[Entries supplied]
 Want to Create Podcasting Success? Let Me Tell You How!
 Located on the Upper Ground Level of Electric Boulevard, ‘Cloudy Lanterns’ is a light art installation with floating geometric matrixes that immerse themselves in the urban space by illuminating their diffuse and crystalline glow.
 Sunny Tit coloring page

==

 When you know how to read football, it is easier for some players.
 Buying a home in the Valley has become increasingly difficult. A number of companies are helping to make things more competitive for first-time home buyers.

---

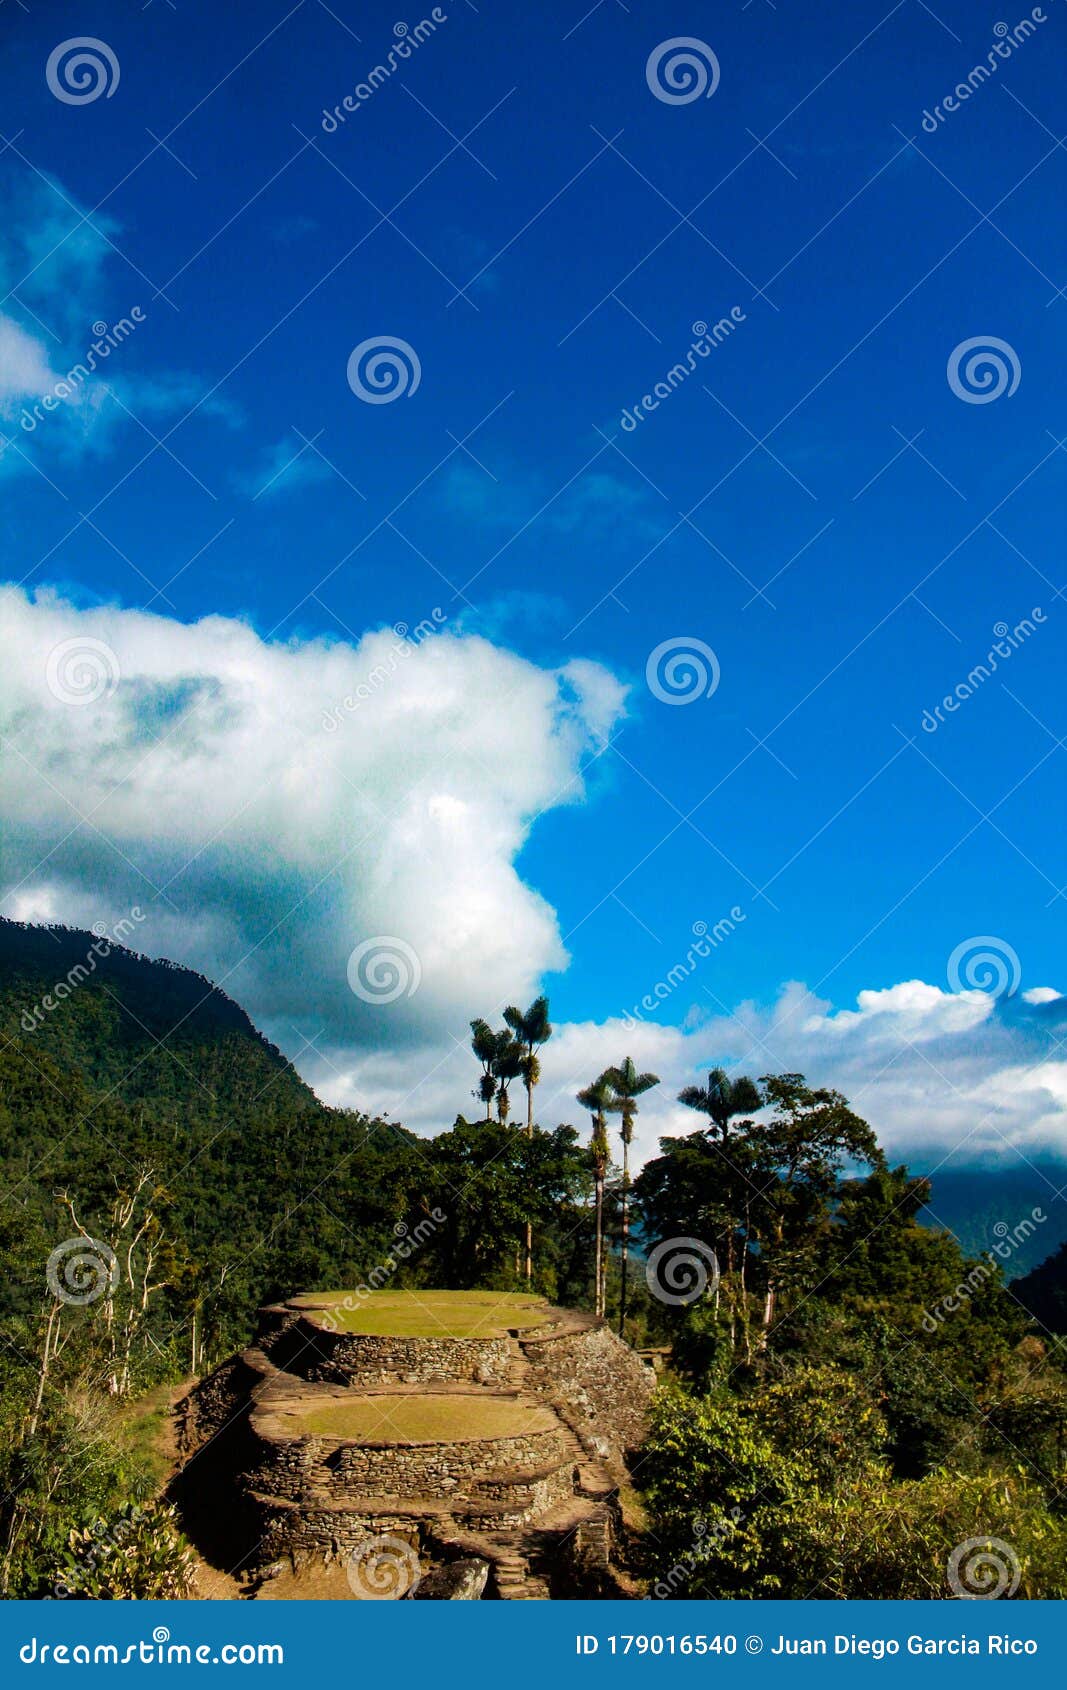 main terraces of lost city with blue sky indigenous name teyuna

[What the task requires]
Copy, exactly and only, the lines above that begin with the one containing "Want to Create" and finish with the one containing "Sunny Tit coloring page".

[Response]
 Want to Create Podcasting Success? Let Me Tell You How!
 Located on the Upper Ground Level of Electric Boulevard, ‘Cloudy Lanterns’ is a light art installation with floating geometric matrixes that immerse themselves in the urban space by illuminating their diffuse and crystalline glow.
 Sunny Tit coloring page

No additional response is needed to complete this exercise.